Stochastic integration by parts problem I have a question regarding stochastic integration by parts. I am supposed to show that
\begin{align*}
    \int^t_{t-h} \sigma_s^2 \, ds &= \int_{t-h}^t (t-h-s) \, d\sigma^2_s,
\end{align*}
where $\sigma_t^2$ is an Itô process. By using the integration by parts formula I get
\begin{align*}
    \int^t_{t-h} \sigma^2_s \, ds &= t \sigma_t^2 - (t-h)\sigma_{t-h}^2 - \int^t_{t-h} s \, d\sigma^2_s. 
\end{align*}
If
\begin{align*}
    \int_{t-h}^t (t-h) \, d \sigma^2_s = t \sigma^2_t - (t-h)\sigma_{t-h}^2,
\end{align*}
then the desired equality holds, but I do not understand why this equality holds. Does anyone have any input?
 A: When $S_t=S_0+\int_0^ta_s\,ds+\int_0^tb_s\,dW_s$ is an Ito process, then it follows from Ito's formula applied to $f(t,x)=tx$ that
$$\tag{1}
d(tS_t)=t\,dS_t+S_t\,dt.
$$
This special case is also known as integration-by-parts. In integral form this is
$$\tag{2}
tS_t=\int_0^ts\,dS_s+\int_0^tS_s\,ds.
$$
Therefore,
$$\tag{3}
tS_t-(t-h)S_{t-h}=\int_{t-h}^ts\,dS_s+\int_{t-h}^tS_s\,ds\,.
$$
We can write the left hand side in a form that is more complicated:
$$\tag{4}
\int_{t-h}^tt\,dS_s+\int_0^{t-h}h\,dS_s+hS_0
$$
so that (3) becomes equivalent to
$$\tag{5}
\int_{t-h}^tS_s\,ds=\int_{t-h}^t(t-s)\,dS_s+\int_\color{red}{0}^\color{red}{t-h}h\,dS_s+hS_0\,.
$$

*

*The formula you are supposed to show looks wrong indeed because the integral with integrand $h$ has the wrong sign and the wrong integration limits.
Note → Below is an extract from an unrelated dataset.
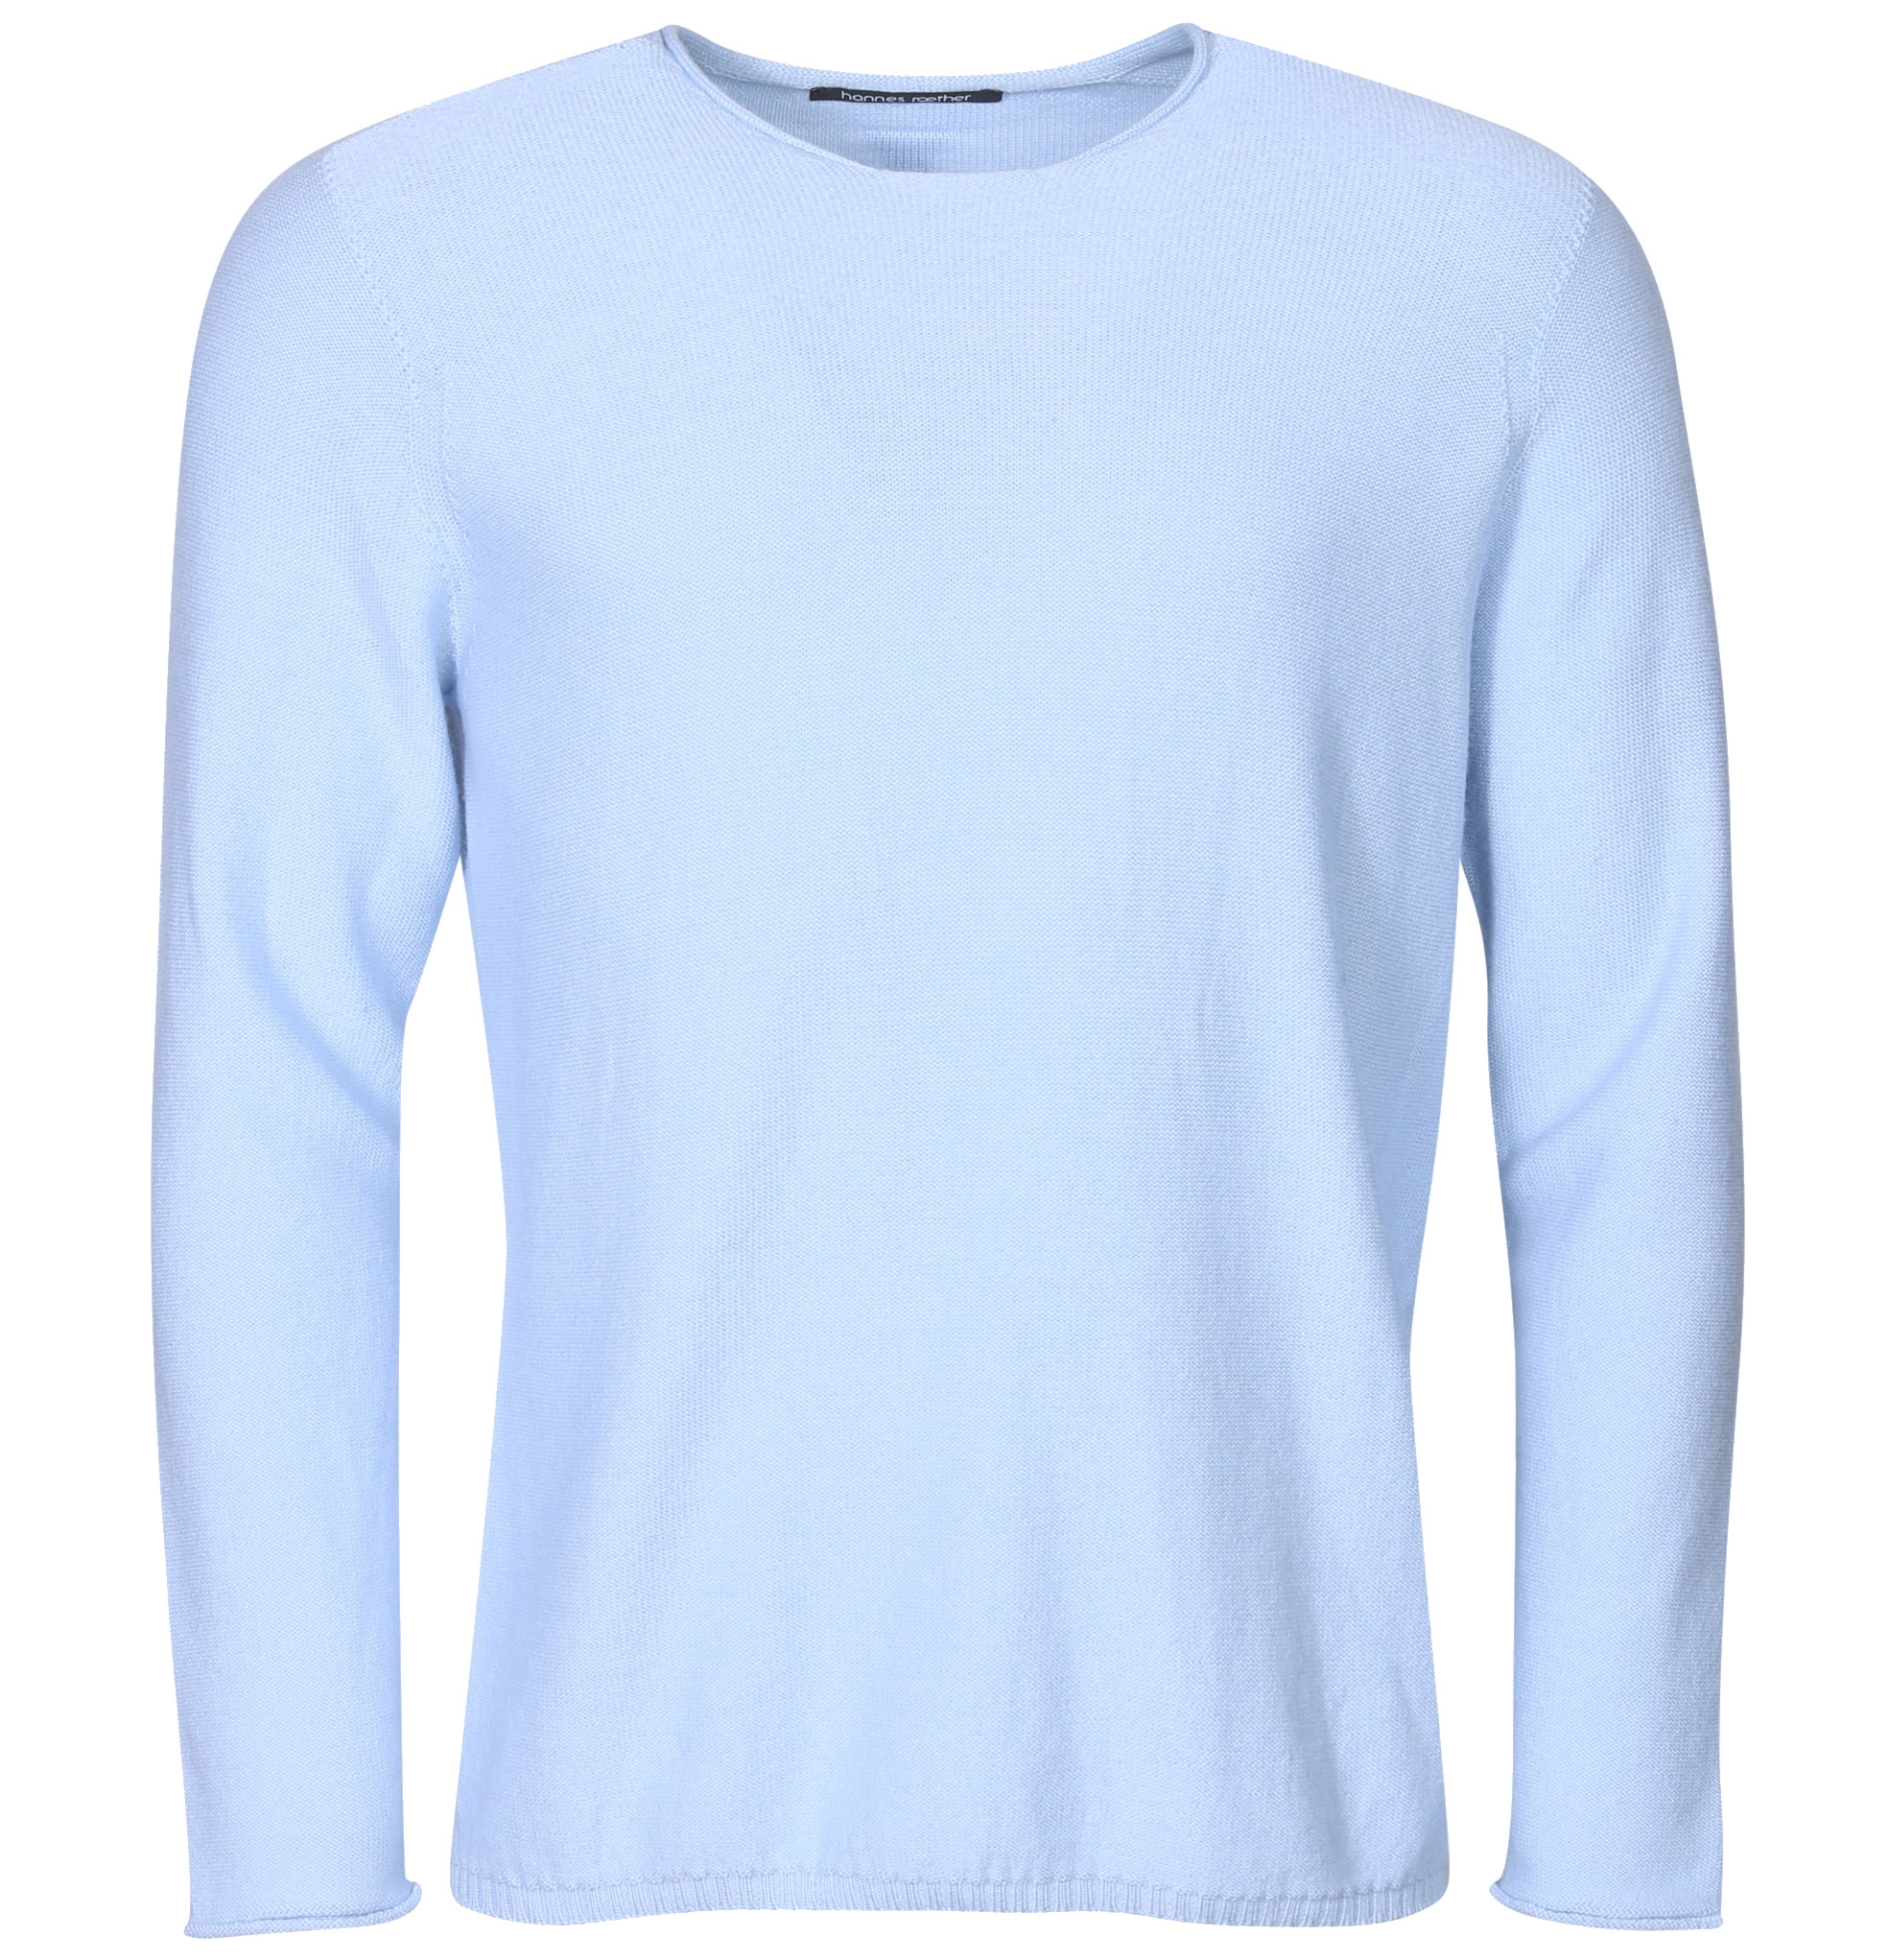 HANNES ROETHER Merino Knit Pullover in Light Blue

The simplest version of this equation is in my opinion
$$\tag{6}
\int_{t-h}^tS_s\,ds=\int_{t-h}^t(t-s)\,dS_s+hS_{t-h}\,.
$$
A: Let me abbreviate $\sigma^2_s$ to $X_s$. Then (assuming $h>0$)
$$
\eqalign{
\int_{t-h}^t(t-h-s)dX_s 
&= (t-h)(X_t-X_{t-h}) -\int_{t-h}^t s\,dX_s\cr
&= (t-h)(X_t-X_{t-h}) +\int_{t-h}^t X_s\,ds-sX_s\Big|_{t-h}^t.\cr
&= (t-h)(X_t-X_{t-h}) +\int_{t-h}^t X_s\,ds-tX_t+(t-h)X_{t-h}.\cr
&= -hX_t +\int_{t-h}^t X_s\,ds.\cr
}
$$
Your formula is not quite right, in general.